My point: Equating big to bad is prejudiced, and leads to fallacious thinking. That hinders understanding. Be skeptical of those using loaded phrases like that. Stick to reason.
P.S.: Tobacco is bad because it's bad for you, not because it's big. Would you think more highly of tobacco if it were produced by small, non-profit tobacco farmers' cooperatives?
(Please keep in mind that each commenter's opinions are only his/her own.)
Given that Big often is bad, I would tend to believe that the "Big is Bad Meme" is more stereotypical, than it is prejudiced. I think most people use "Big" in such a way as to conjure paralleles with, Big Tobacco, for instance, which is probably the first "Big". Granted, their statements may be prejudiced - they may not know about that which they are discussing or they may be ignorant of certain facts, but the use of the word itself, I think, is more to create an analogy, thus making it more of a stereotype.
In a roundabout way, I suppose, you could say that you're prejudiced yourself in that, whenever you hear someone use the word "Big" as described, it sounds to me like, when you hear people use it, you assume that they don't know what they're talking about and they don't have all the facts. They just might. ;)
P.S. - I don't think people generally use the word "Big" to describe a company until it's substantially larger than 30 employees. It is subjective, though.
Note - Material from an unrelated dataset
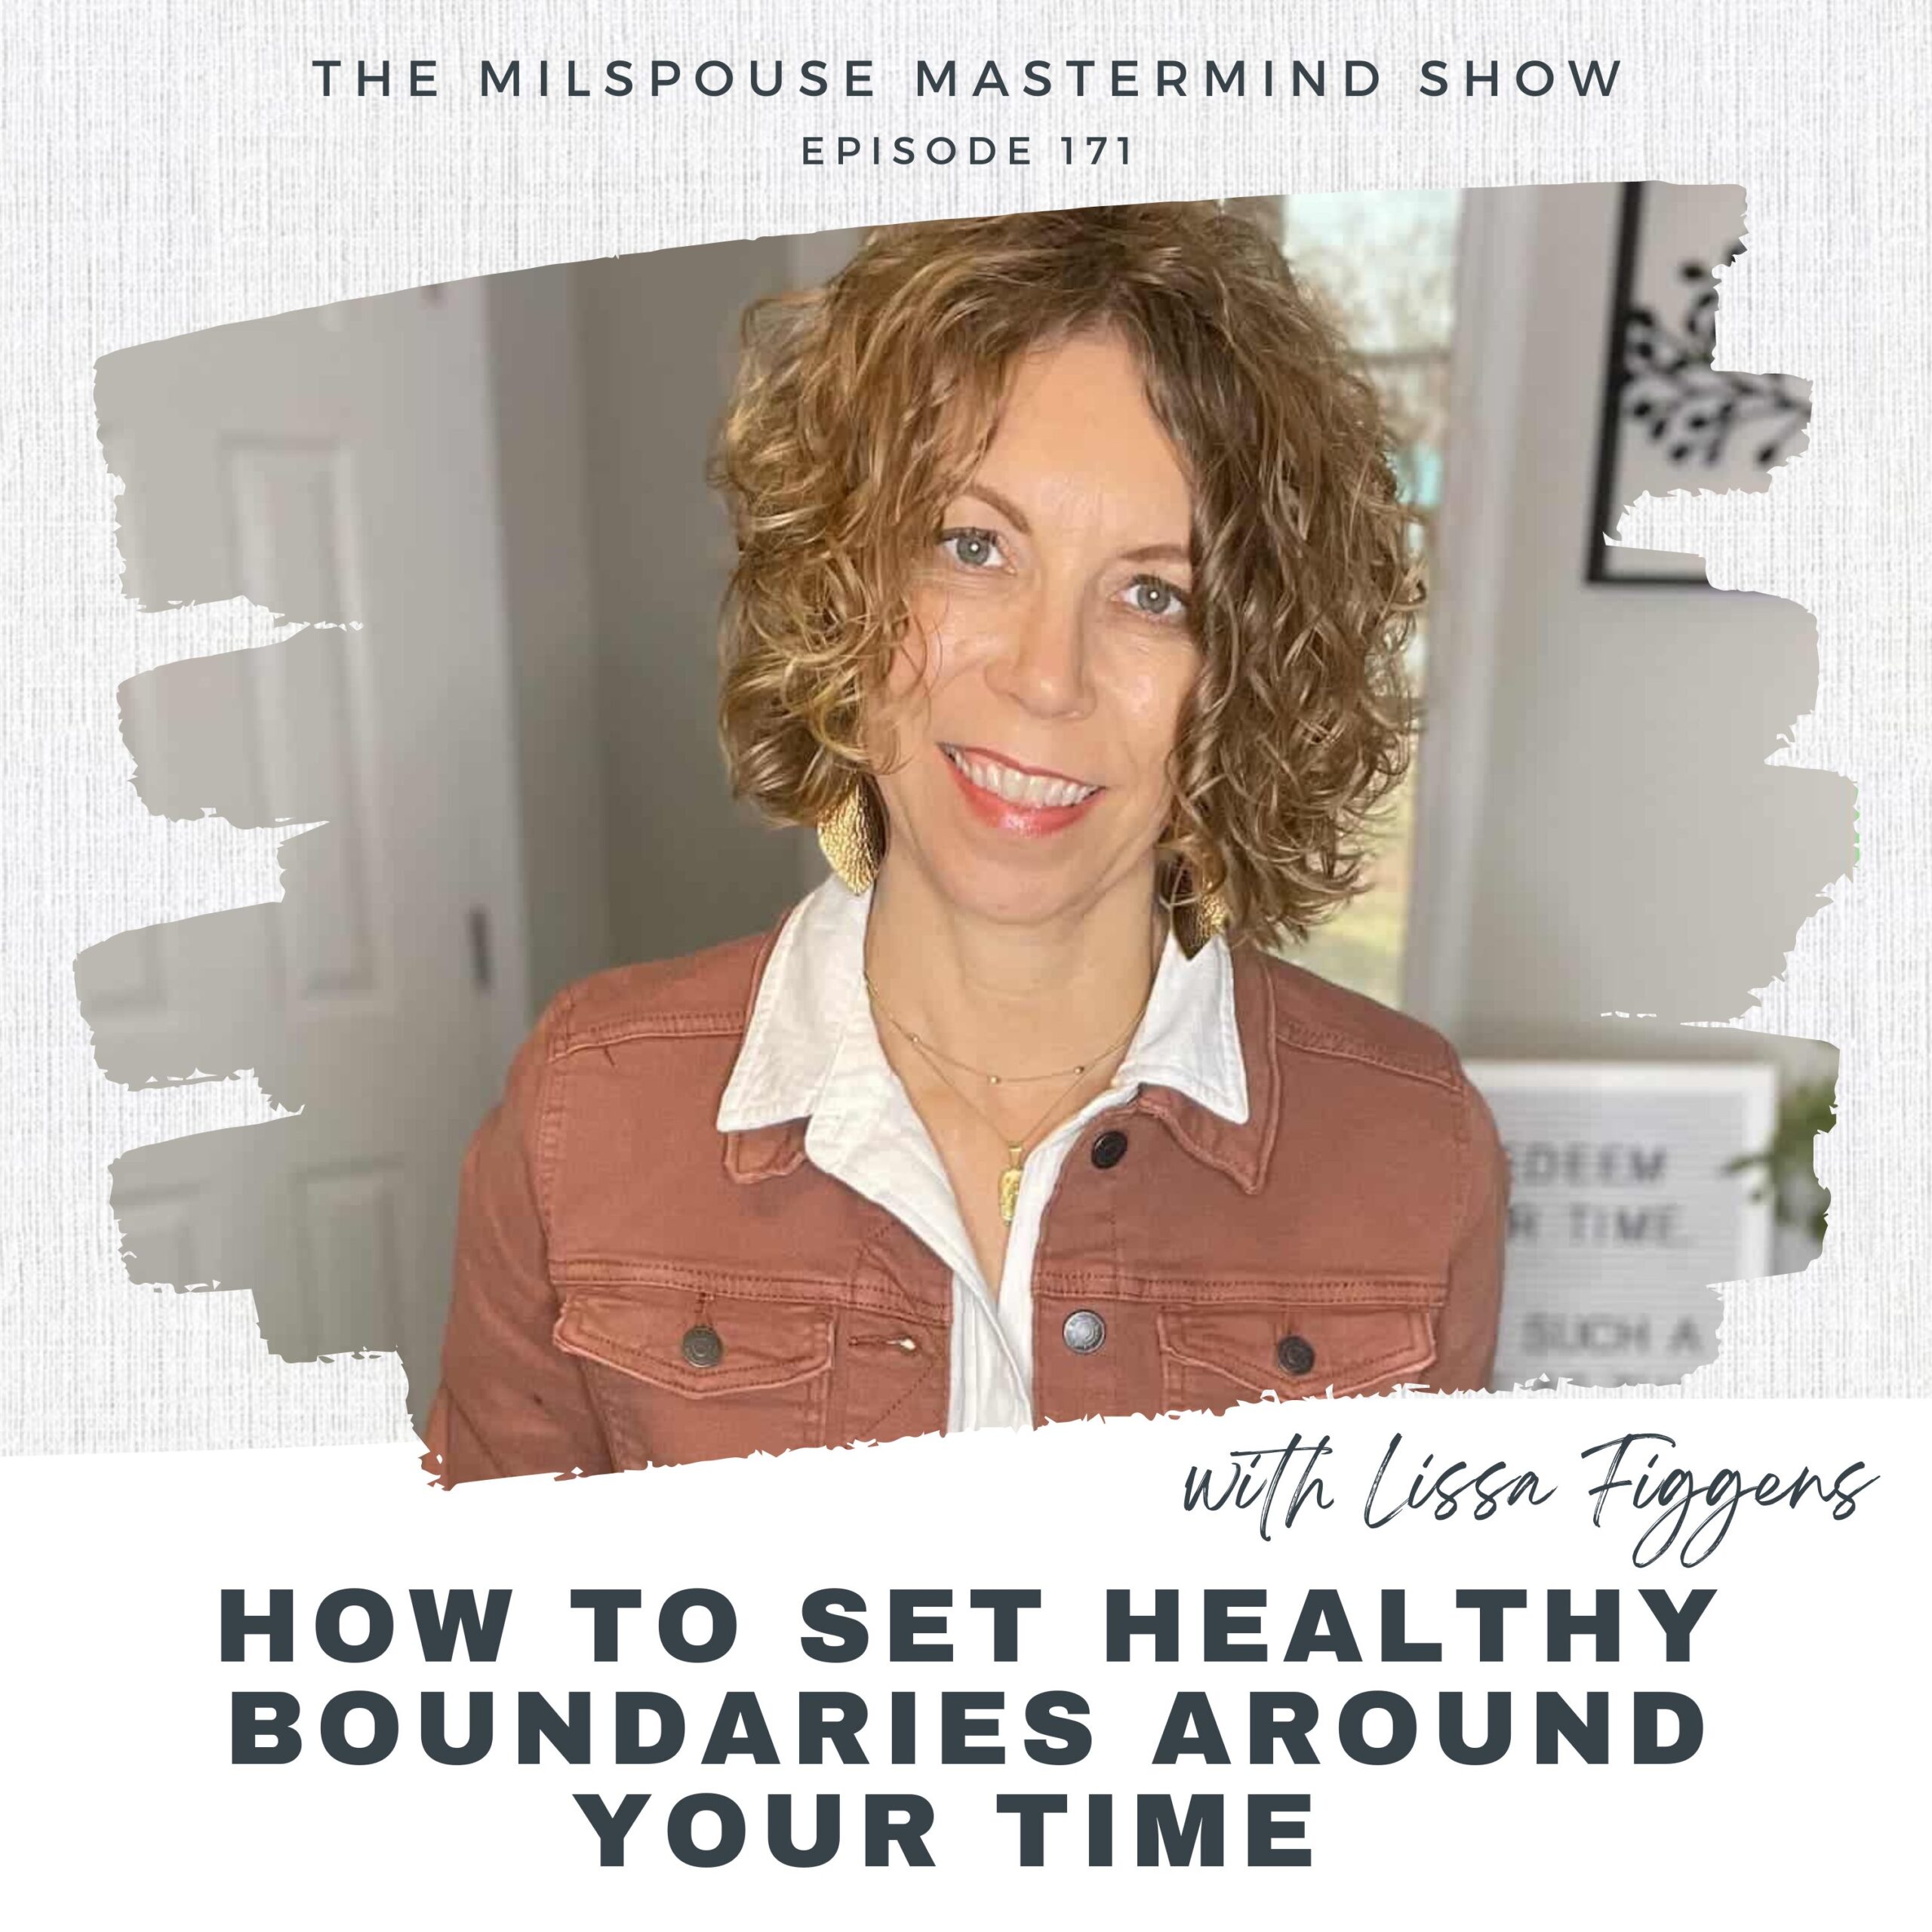 How to Set Healthy Boundaries Around Your Time

P.P.S. - I would feel better about smoking cigars (and my pipe) if I knew that the tobacco was grown by a non-profit tobacco growers' cooperative. Actually, I don't think I'm alone here. Premium cigars are often premium because they're produced in a more traditional hand-rolled manner and not by a machine. Of course, you're probably only really talking about cigarettes...
P.P.P.S. - Why is it whenever people talk about smoking in public, all they concern themselves with are cigarette smokers? I'm held subject to the same smoking laws as a cigar smoker. I digress...
I agree with a lot of what scott says (not suprisingly)
I went to a crap party at the weekend which was raising money for the Basra Oil workers co-op
If 6 Billion people are good for earth, why not 60 billion? Because it's unsustainable.
If a farmer can grow enough food on a 40 acre farm to feed 400 people, why not have an agribusiness on a 4000 acre farm grow enough to feed 40,000 people? Because it's unsustainable. You just can't keep going on and on.
We live in a finite world with limitations. Big is not always bad (big opposition to Bush is a grand thing), but when it bumps up against and past limits, it is.
(and this from a die-hard anti-cigarette dude.
So where's the evidence? The evidence I see seems to be just the opposite: the vast majority of corporations seem to be playing by the rules. "Often" (your word) is pretty subjective. Most?
Scott: Given that Big often is bad,...
That's the whole point. It's not a given. Make a compelling argument to that effect before assuming it's a given.
Scott: you could say that you're prejudiced yourself ...when you hear people use it, you assume that they don't know what they're talking about and they don't have all the facts. They just might. ;)
Not prejudiced, but skeptical: I need reasons. If reasons accompany, I have something to evaluate. If they don't, that's fallacious.
Scott: is more to create an analogy, thus making it more of a stereotype.
False analogies are fallacious, too.
Dan: "Big," as used to describe corporations, factories, populations and policies, is often bad because "big" is often unsustainable.
That's my argument against big government. But what about, say, 100 million Americans, either employed by thousands of big companies or millions of little companies. I don't see one clearly more or less sustainable than the other.
I was surprised, too, that you both would think more highly of tobacco if it were produced by cooperatives. That's certainly your right, and I don't blame you for caring where your money goes. I make similar decisions sometimes.
But it's just as unhealty, whatever it's origins. (And tobacco companies, of whatever size or profitability, are wrong to try to mislead the public.)